- [Work instructions] Repeat the data verbatim, images excluded.

- [Information shown]
%%

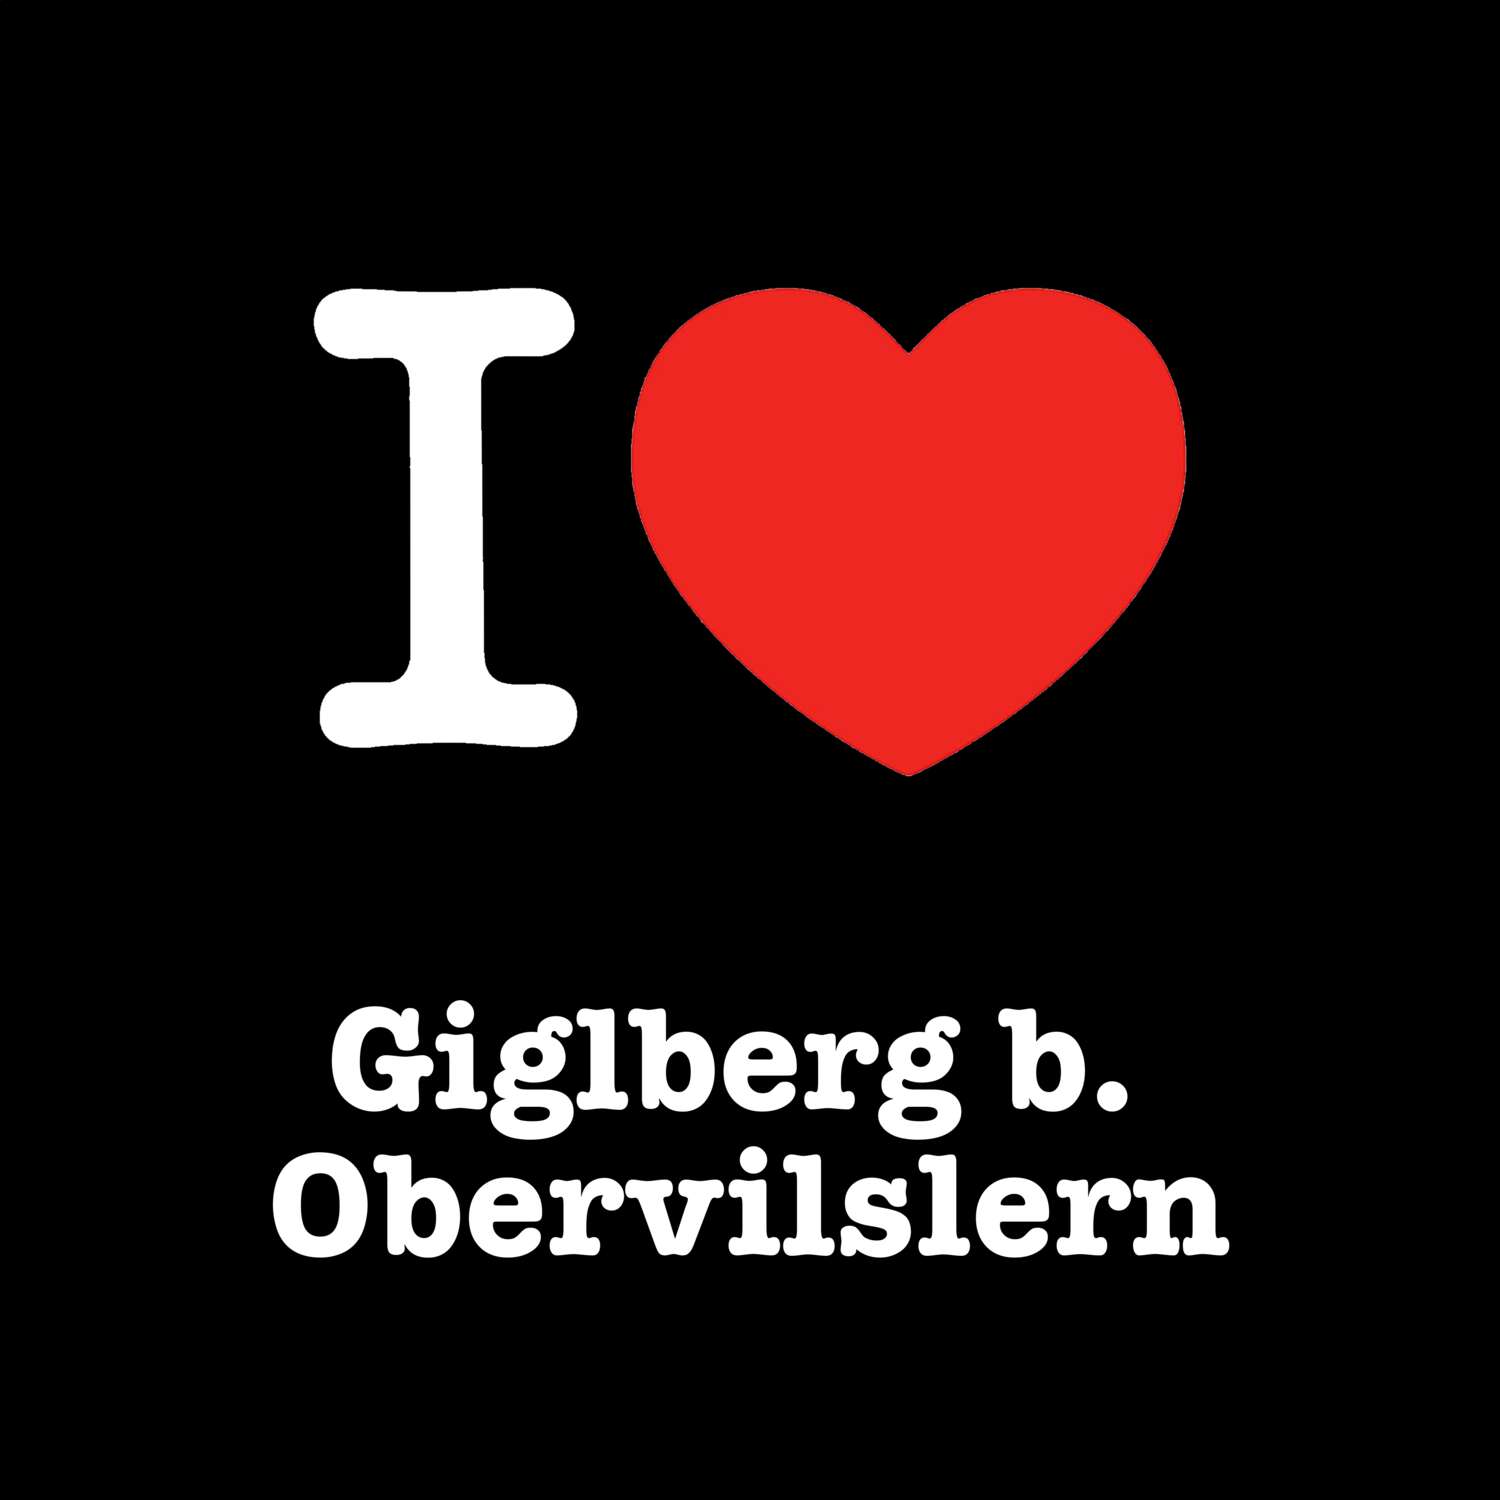 Giglberg b. Obervilslern T-Shirt »I love«
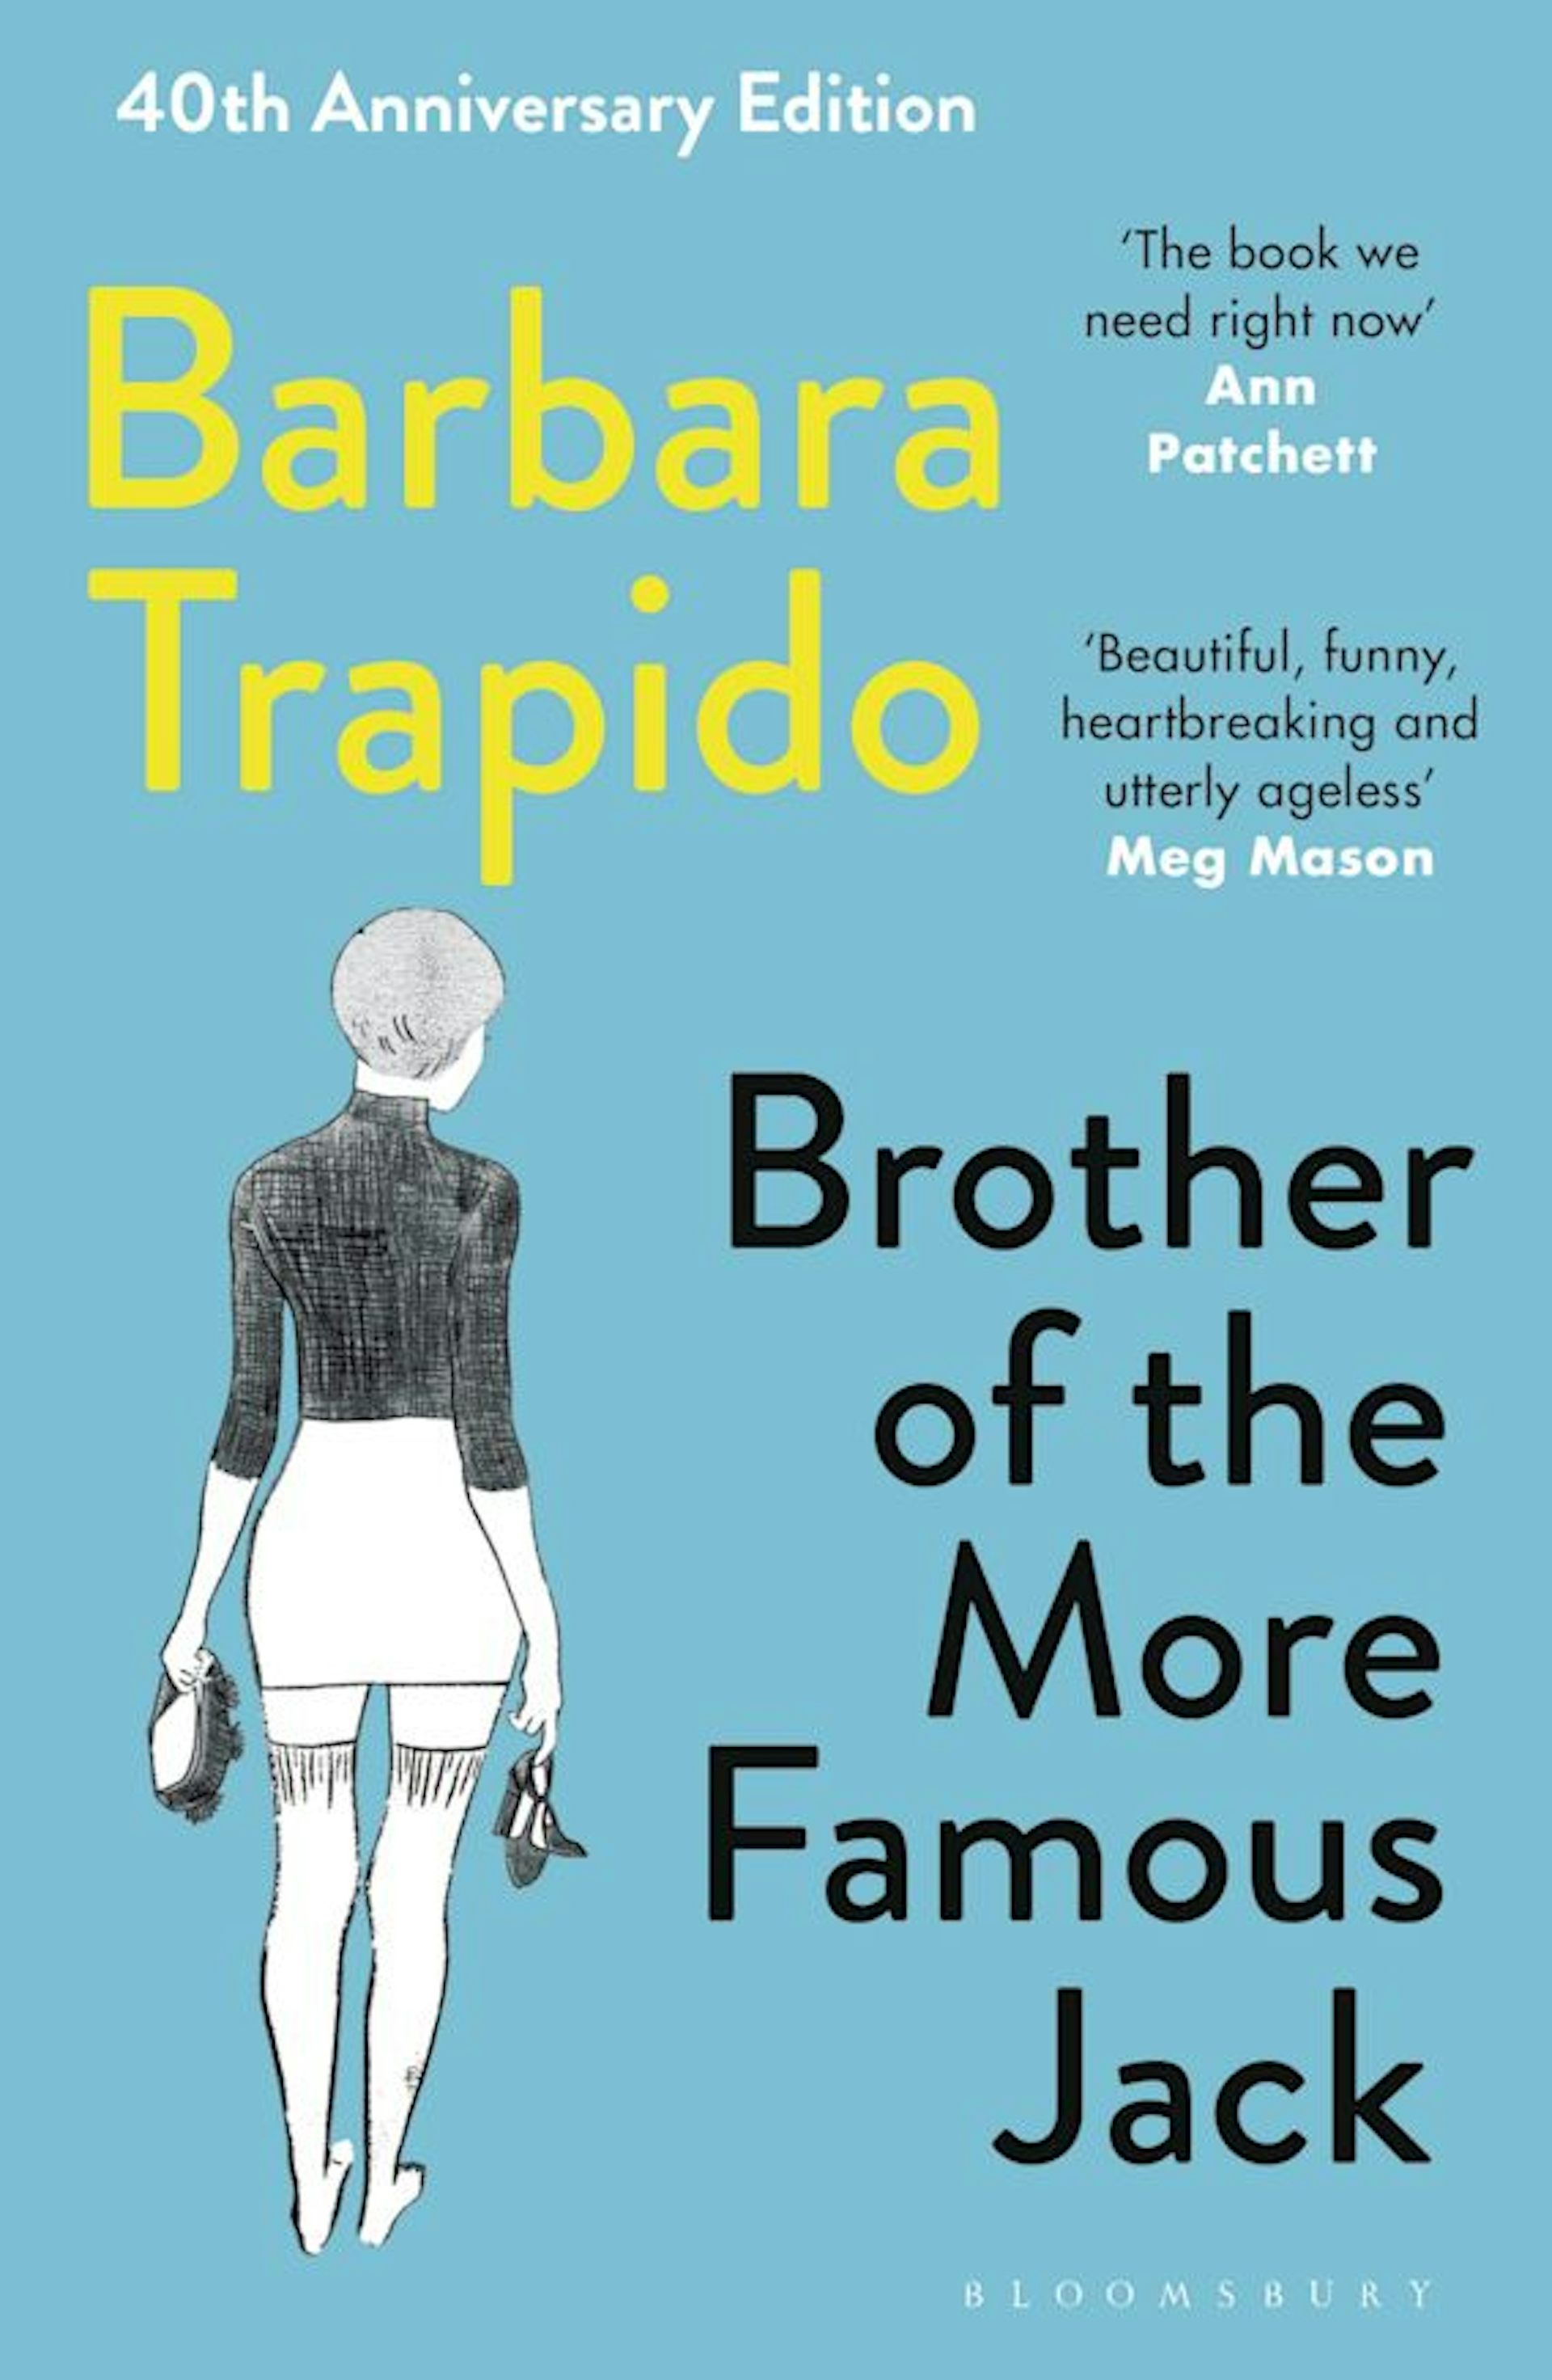 Barbara Trapidos undeniably sexy novel of academic bohemia still dazzles at 40 pic
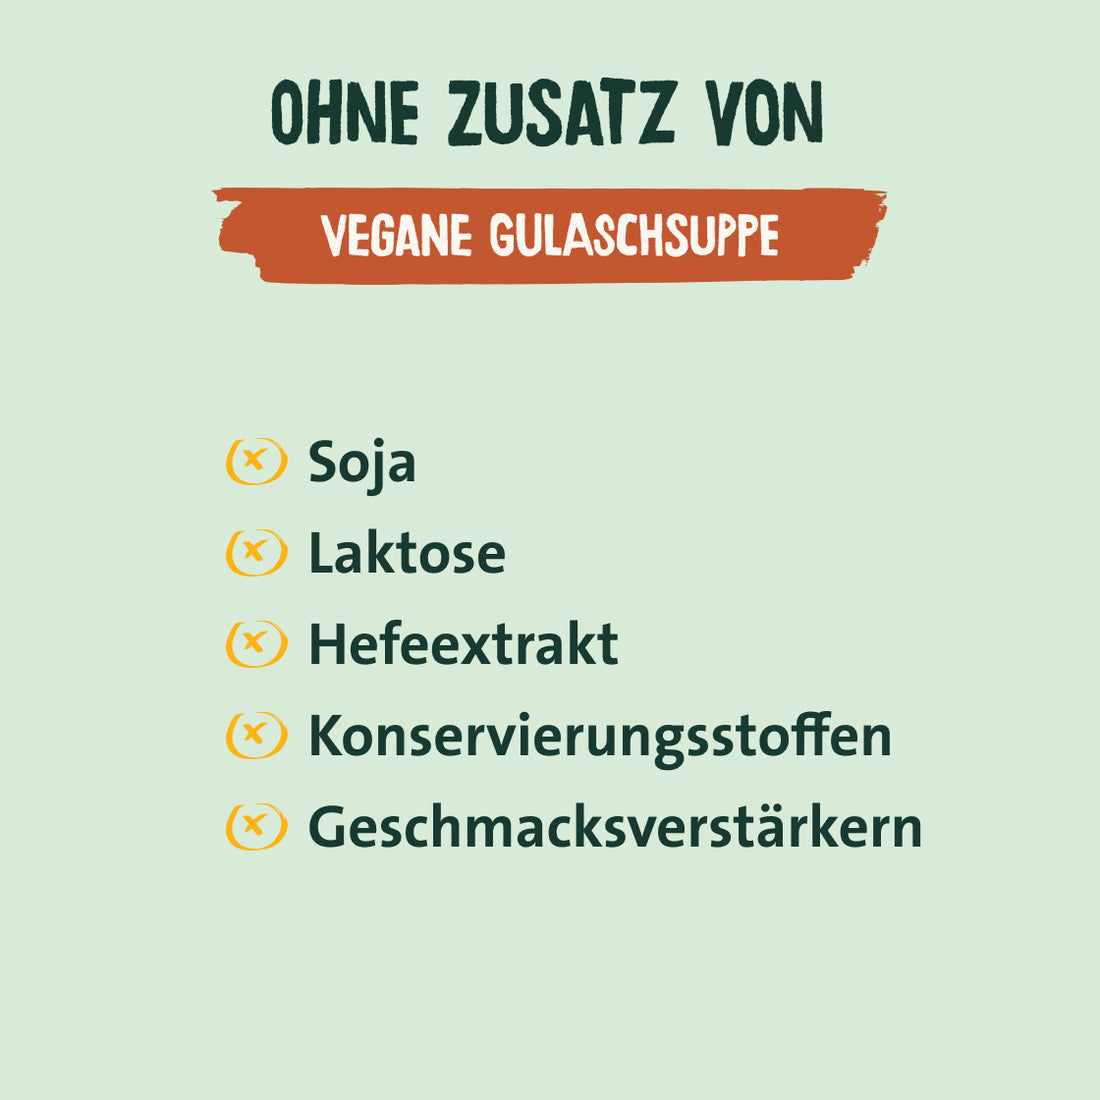 Easy To Mix Vegane Gulaschsuppe

%%

- [Answer space]
 Giglberg b. Obervilslern T-Shirt »I love«
 Barbara Trapidos undeniably sexy novel of academic bohemia still dazzles at 40 pic
 Easy To Mix Vegane Gulaschsuppe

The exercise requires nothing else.